The Donnybrook Apple Festival is held every year during Easter. During the apple festival, the citizens of Donnybrook gather at Egan Park to celebrate the apple. The festival includes agricultural displays, a sideshow alley, a Saturday evening concert and fireworks display and a street parade. During the street parade the Catholic church in Donnybrook blesses the holy apple, assuring a good harvest in the years to come.

The Apple Festival also had a mascot called Donny Applebrook, created in 1997. Donny was a giant green apple who promoted the festival.

===Apple Fun Park playground===
The centre of town is home to the Apple Fun Park outdoor playground, which opened in Easter 2008 in time for the Donnybrook Apple Festival that year. The expansive fruit-themed park contains children's play equipment (including an 8 m tower, swing sets, trampolines, multiple slides and a flying fox), an adult exercise area, as well as a shaded picnic area with public barbecues. At the time of its construction it was the largest free-entry playground in Australia, and it attracts up to 50,000 visitors each year. The playground helped inject over into the local economy over the first 13 years of its existence, and its success has inspired the construction of similar playgrounds in the region.
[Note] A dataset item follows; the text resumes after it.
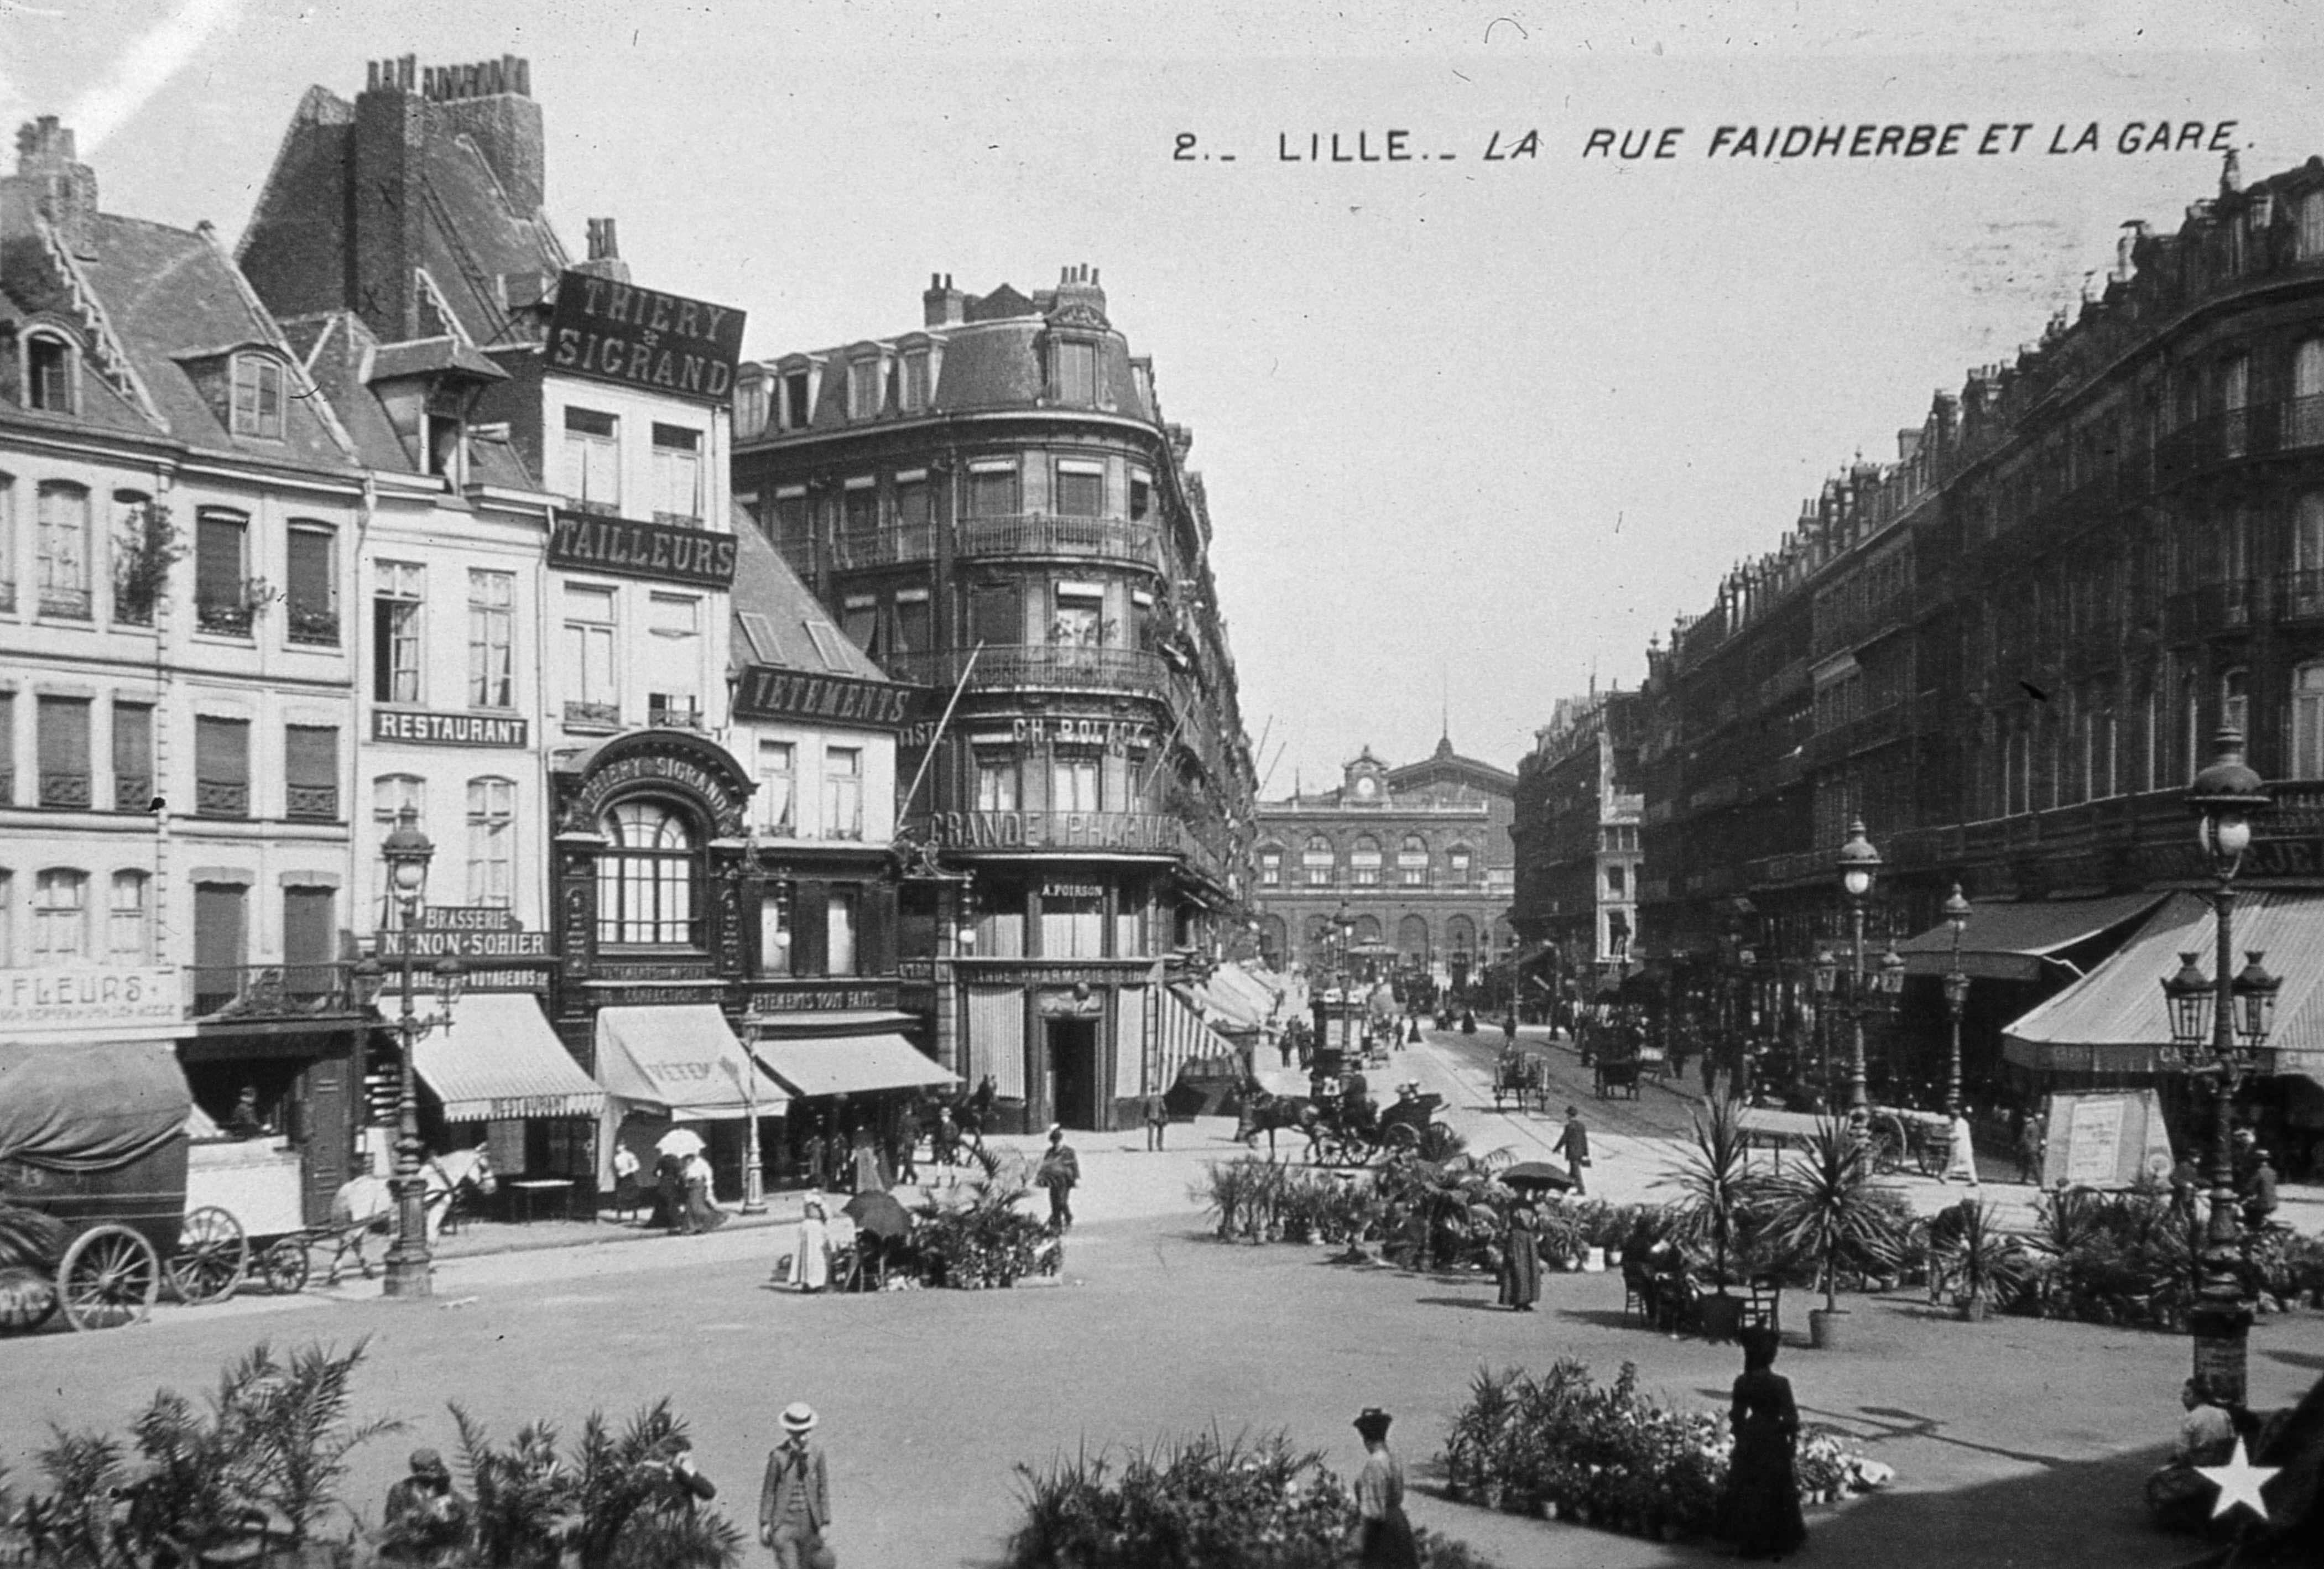 lille rue faidherbe avant 1907 lille france history pinterest lille monuments et ancien. Black Bedroom Furniture Sets. Home Design Ideas

In April 2021 the playground was temporarily closed for revitalisation works with much of the play equipment demolished as it had reached the end of its design life. The playground reopened in October 2021 with a larger, updated design, new lighting and expanded shading and greenspaces, and new play equipment and activities (though some original play equipment was also retained).

===English oak===
Donnybrook is home to Australia's largest known English oak. The tree, believed to originate from 1893 is a landmark within the town. There is a time capsule under this tree.

== Railway ==

The Donnybrook–Katanning railway was a railway line that connected the communities of Donnybrook to Mumballup, Noggerup, Boyup Brook, Kojonup and Katanning.